Take a look at the videos on the US Consulate website Embassy of the United States London, UK - Visa Waiver Wizard

The one for the non-immigrant visa interview is actually fairly relevant for the immigrant visa interview, too. 
Cheers,
Bev


----------



## Fatbrit (May 8, 2008)

rattiegyal said:


> I have an interview with the US Embassy in London on 20 August at 0830. Could someone tell me approx. how long the interview takes (i.e. should I take the morning off work) and what sort of questions are asked at the interview.

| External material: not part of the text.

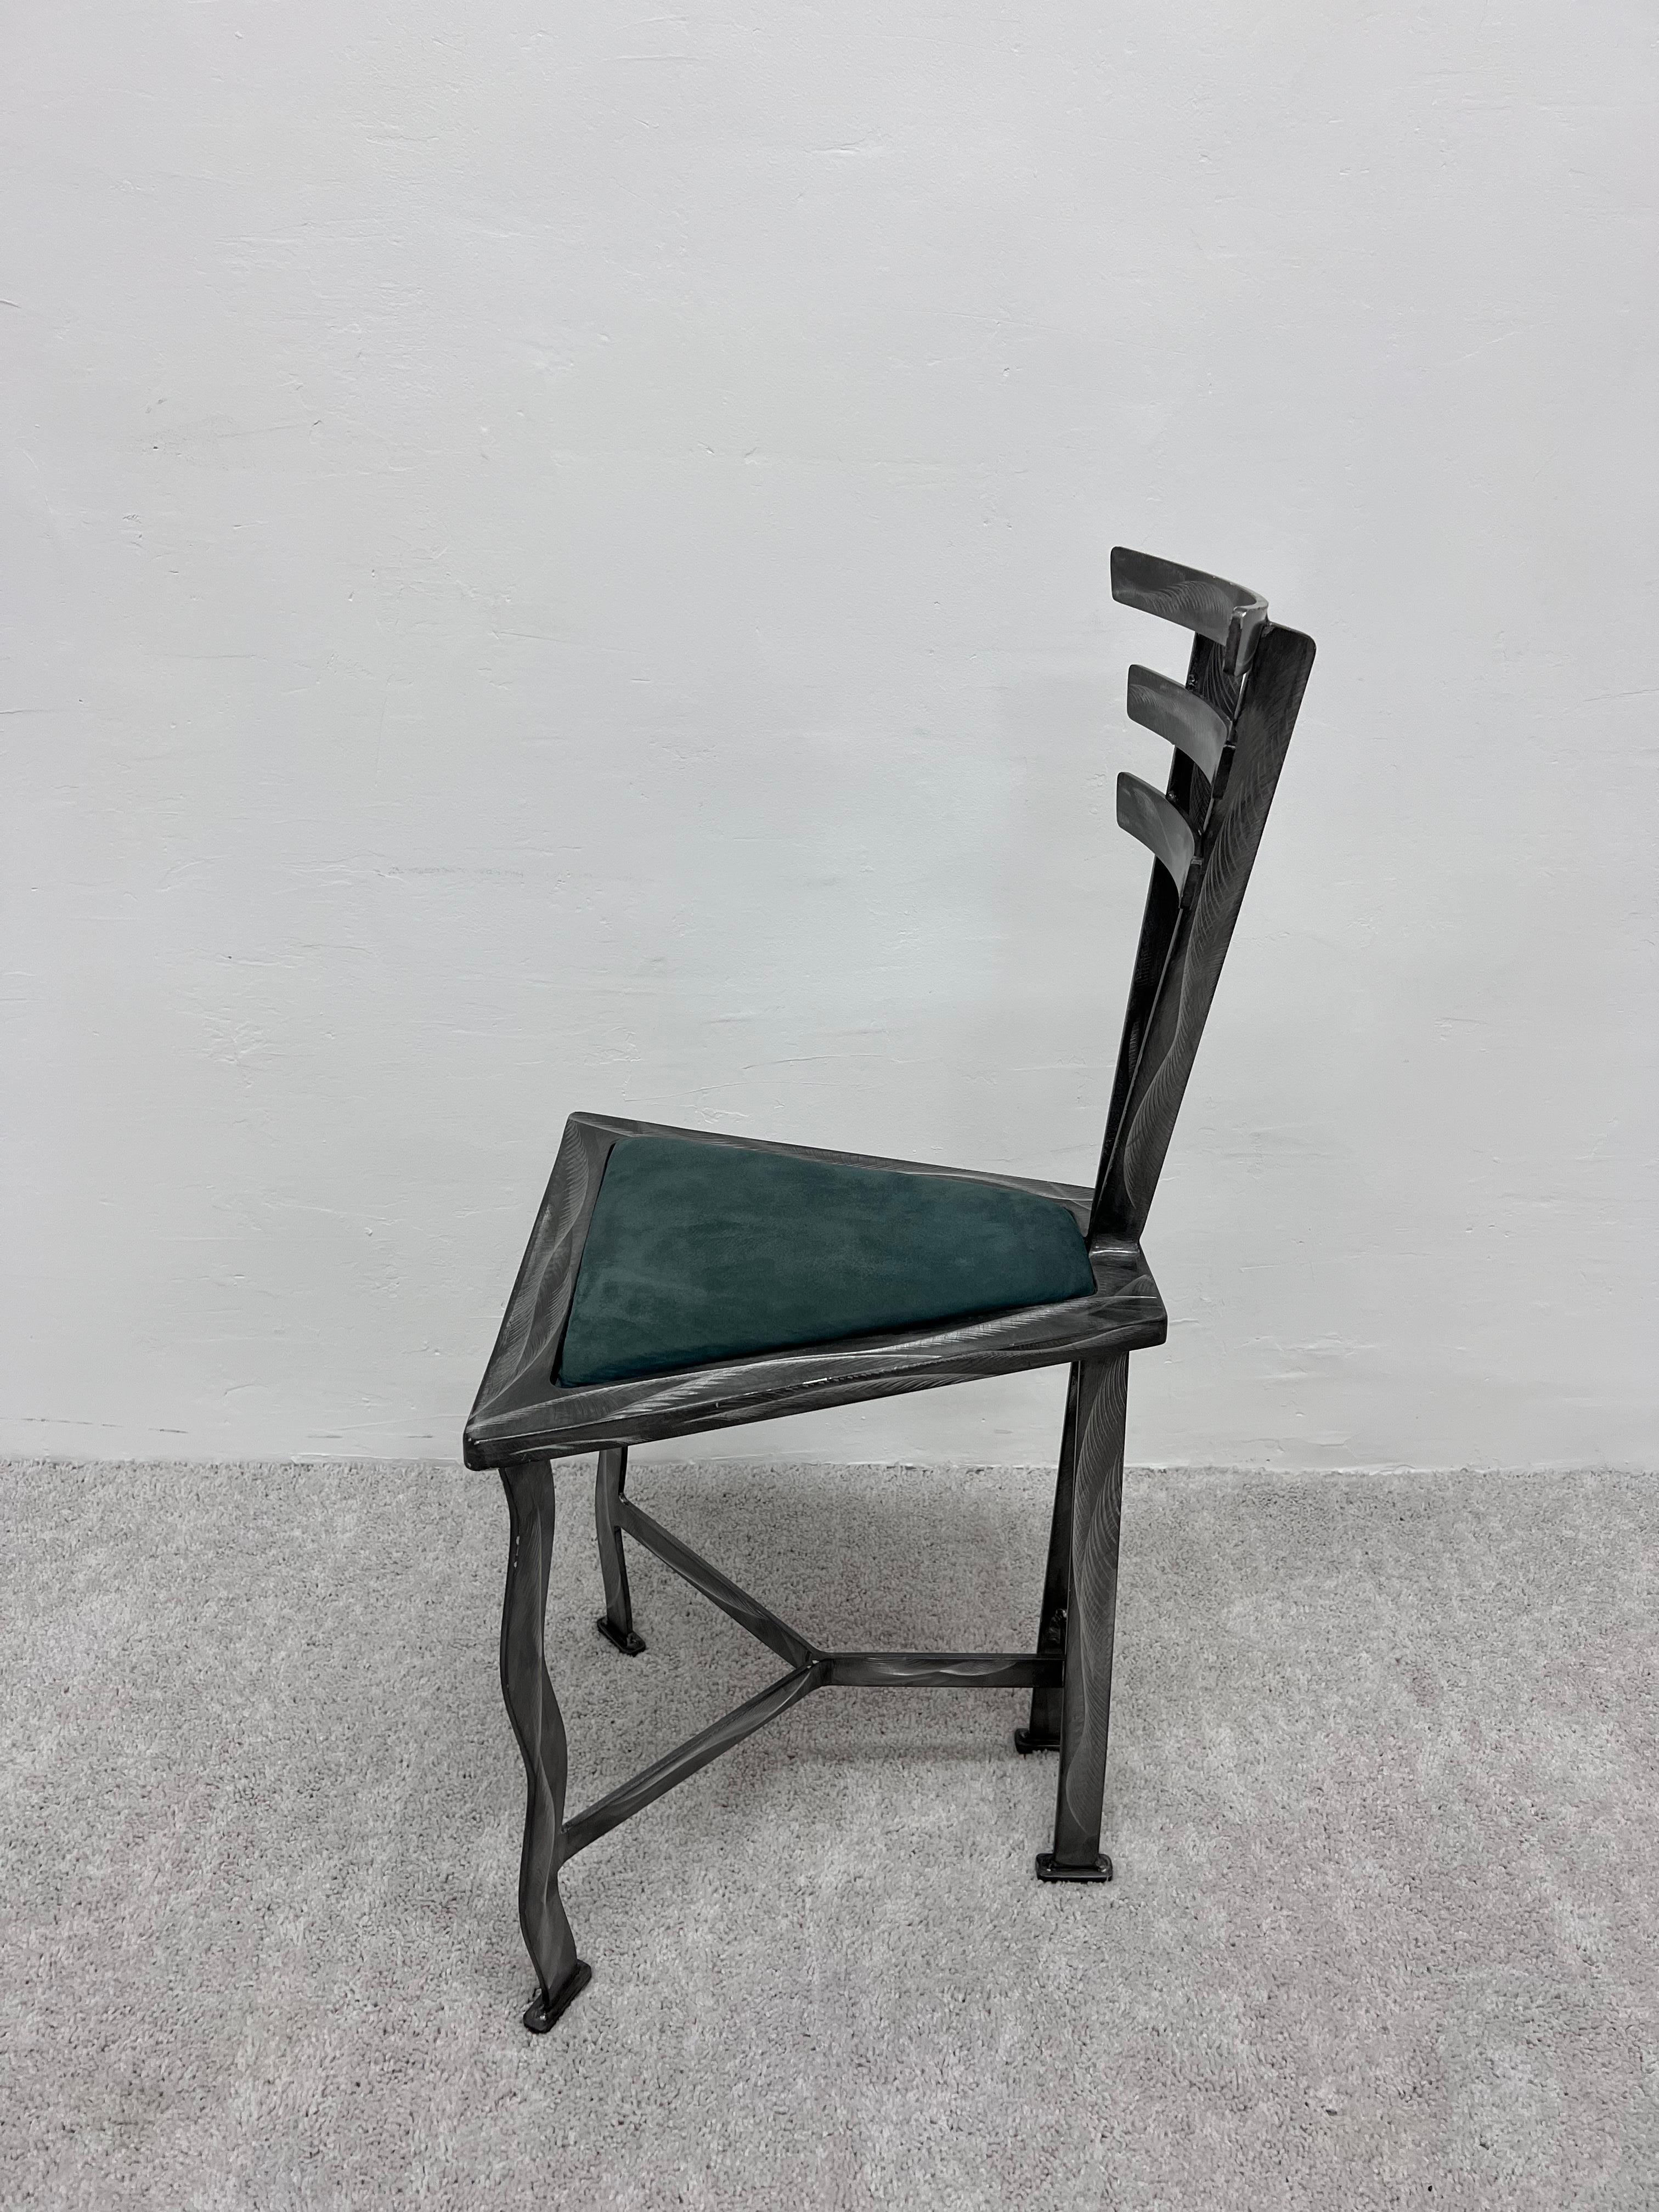 90s Postmodern Contemporary Welded Steel Studio Side Chairs, a Pair For Sale 1
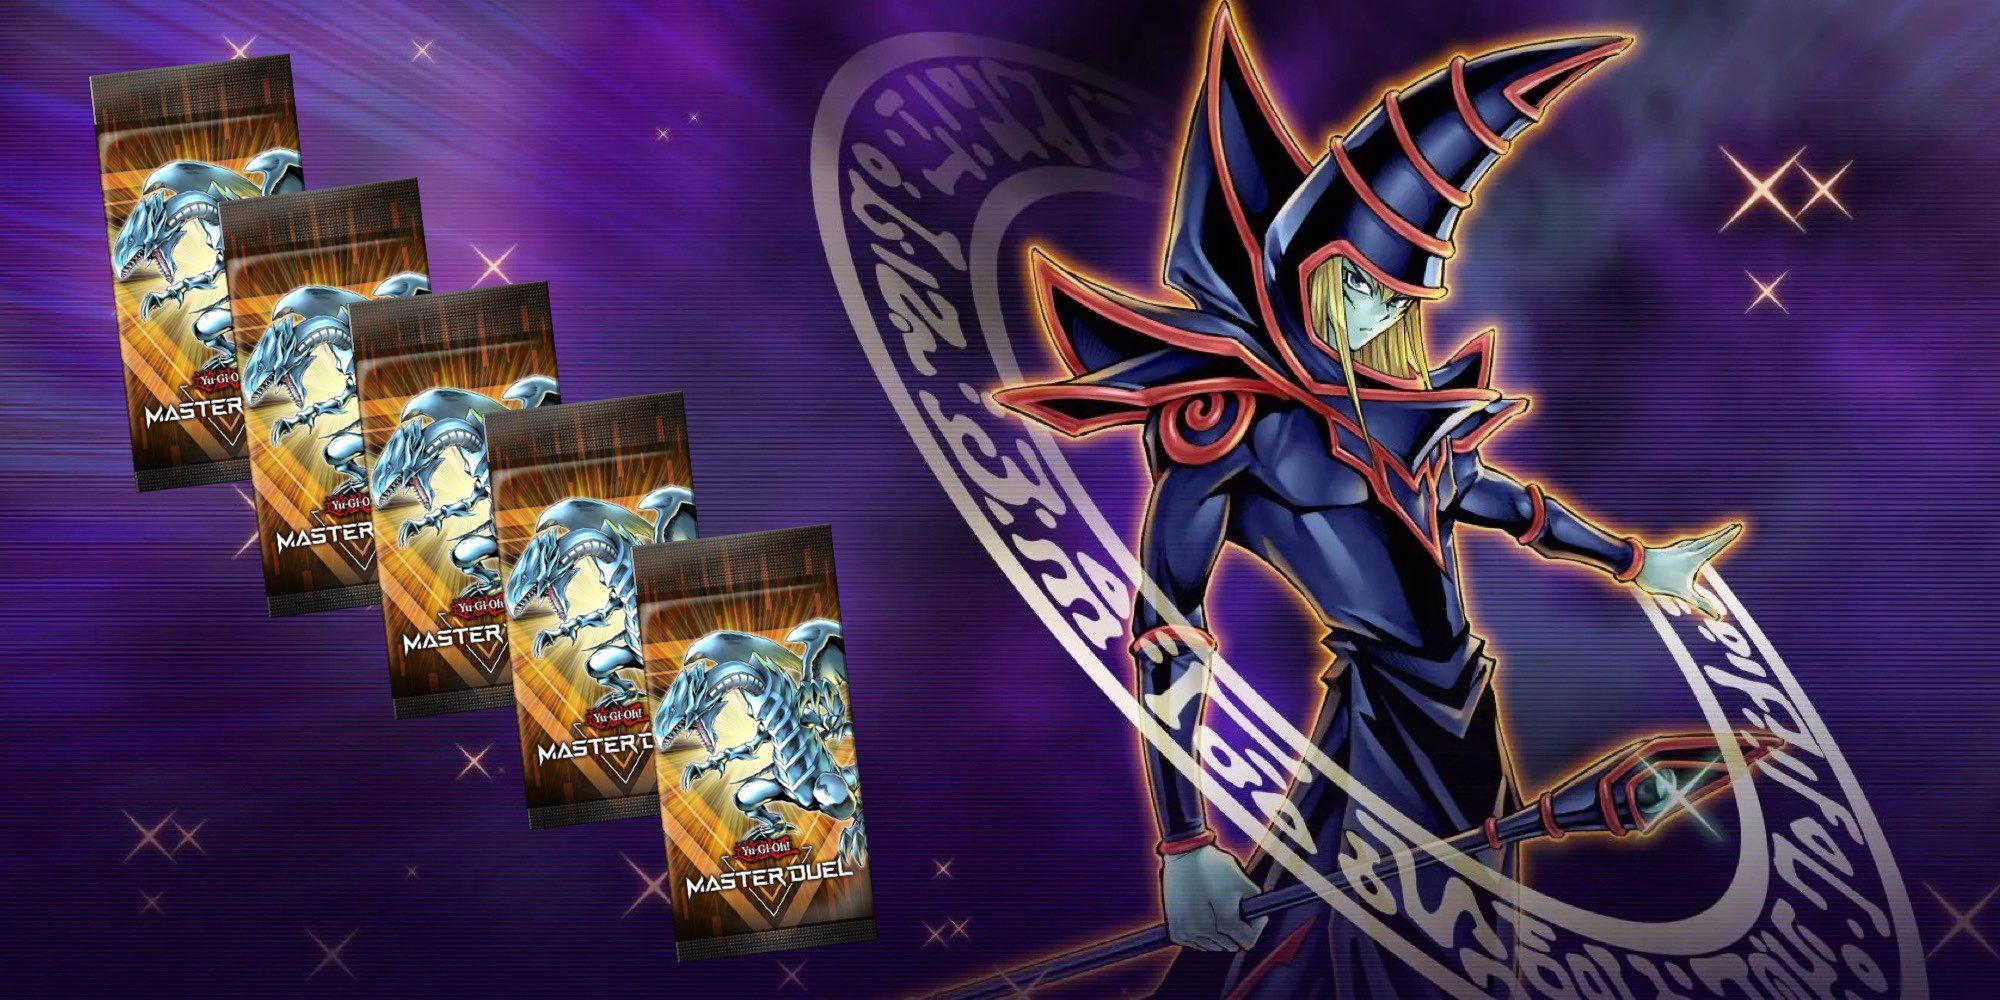 Yu-Gi-Oh! Dark Magician official artwork and Master Duel packs

Yep -- take the morning off.


----------



## mrees007 (Jan 8, 2009)

rattiegyal said:


> I have an interview with the US Embassy in London on 20 August at 0830. Could someone tell me approx. how long the interview takes (i.e. should I take the morning off work) and what sort of questions are asked at the interview.


How did you get the interview if you don't mind me asking?

Was this through the Green Card Lottery?


----------



## misschrissy (Jun 27, 2010)

rattiegyal said:


> I have an interview with the US Embassy in London on 20 August at 0830. Could someone tell me approx. how long the interview takes (i.e. should I take the morning off work) and what sort of questions are asked at the interview.


We had interviews there last year for K1 & K2 visas, you get a number when you get in (BTW be careful to check the list of items you shouldnt have on you) and we spent about 2-3 hours there, but we did have to wait after being seen for them to check a query we had which the lady didnt immediately know.

There can be quite a queue to get into the embasy so best to go early so you get issued a lower number.

I wouldnt place bets on the length of time but would guess you'd be very lucky to be there much less than 2 hours judging by how many were there when we went, also depedns what type of immigrant you are, seem to remember there were 3 different types of number issued.
Hope this helps a bit


----------



## rattiegyal (Jun 22, 2010)

mrees007 said:


> How did you get the interview if you don't mind me asking?
> 
> Was this through the Green Card Lottery?


No, I've got the interview through my sister who is sponsoring me. She applied ten years ago.


----------



## twostep (Apr 3, 2008)

I assume you plan to go through with GC and immigration to the US.

Leave your cell phone in the car, be early, have a copy of your application package with you, answer questions truthfully. Good Luck! Tell your boss you will be in when you show up:>)


----------



## misschrissy (Jun 27, 2010)

you sent me a quetsion but I had to come back to this thread to see what typoe of interview you had.

they don't ask you questions about the constitution or anything about knowledge of US, just what you are planning to do when you get there - work etc, if your sister is sponsering then presumably she will have filled in on sponsership form that she and maybe a co-sponser, can take care of you.

IMLE (my own interview) they want to know you won't be aburden on state, aren't a health risk, are law-abiding and are positive about US, but presumably you wouldnt want to go somewhere you didn't feel an empathy for.
Chrissy


----------